The feature point extraction unit 103 extracts feature points from the moving object in the captured image. For example, the feature point extracting unit 103 may extract as feature points those located near the feature point space stored in the space storage unit 302, which will be described later.

The line of sight estimation unit 104 estimates the position of the line of sight by comparing the feature points extracted by the feature point extraction unit 103 with the feature point space stored in the spatial storage unit 302. Note that details of the method for estimating the position of the line of sight will be described later.

The line-of-sight movement estimation unit 105 estimates the line-of-sight movement. The line of sight movement estimation unit 105 moves the three-dimensional movement measured by the sensor data control unit 106 (described later) from the position of the line of sight received from the line of sight estimation unit 104 as a starting point, thereby generating a line of sight that follows the movement of the user's head. Estimate movement. That is, the line-of-sight movement estimating unit 105 estimates the movement of the user's line of sight starting from the line-of-sight position estimated by the line-of-sight estimation unit 104 based on the sensor data.

The sensor data control unit 106 acquires sensor data from the inertial sensor 5. Then, the sensor data control unit 106 measures the user's head movement, body movement, etc. from the acquired sensor data. For example, the sensor data control unit 106 measures the user's three-dimensional movement (for example, the user's head movement) based on the sensor data.
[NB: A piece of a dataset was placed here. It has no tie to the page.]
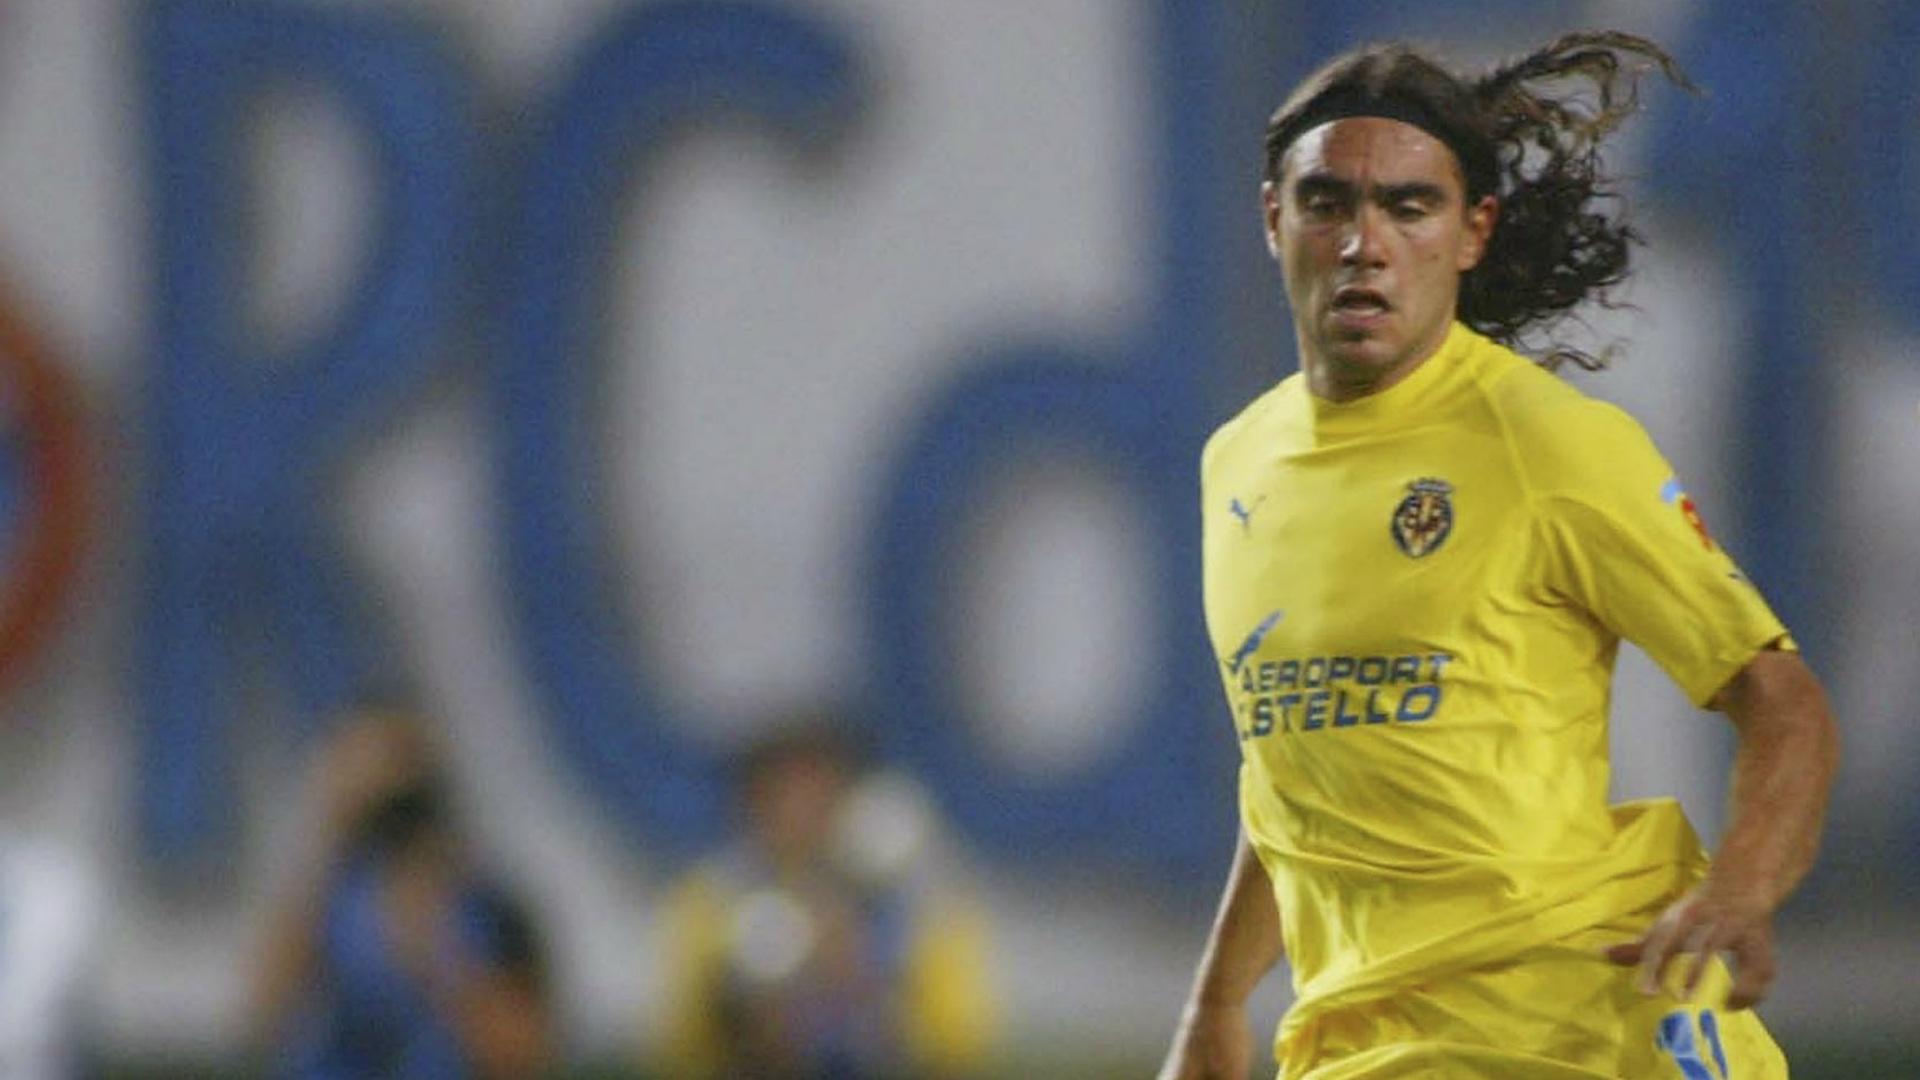 Sorin ex Barcelona player

The target object determining unit 107 determines whether the target object is a moving object on which the user is riding. For example, the target object determining unit 107 determines whether the moving object is the moving object in which the user is riding, based on the detected movement of the user's line of sight. Specifically, the object determination unit 107 determines whether the origin of the detected line of sight of the user's line of sight is within a predetermined range, and the direction of the detected user's line of sight is within the predetermined range when the user gets on the vehicle. If the moving object is within the visible range, it is determined that the moving object is the moving object on which the user is riding. The predetermined range may be a cubic range that is higher than the sitting position of the mobile object by the average sitting height of a person and takes into consideration the posture in which the user rides the vehicle.

The AR content drawing unit 108 calculates how the AR content looks. The AR content drawing unit 108 draws the estimated line-of-sight movement included in the line-of-sight movement information received from the line-of-sight estimation unit 104, that is, the movement destination line of sight, into the AR content space corresponding to the feature point space stored in the spatial storage unit 302. and calculates how the AR content will appear in the set space.

The output control unit 109 outputs AR content information. The output control unit 109 controls the output device 3 to draw AR content. For example, the output control unit 109 controls the adjusted AR content to be displayed on AR glasses or the like.

The data storage unit 30 includes an image storage unit 301 and a spatial storage unit 302.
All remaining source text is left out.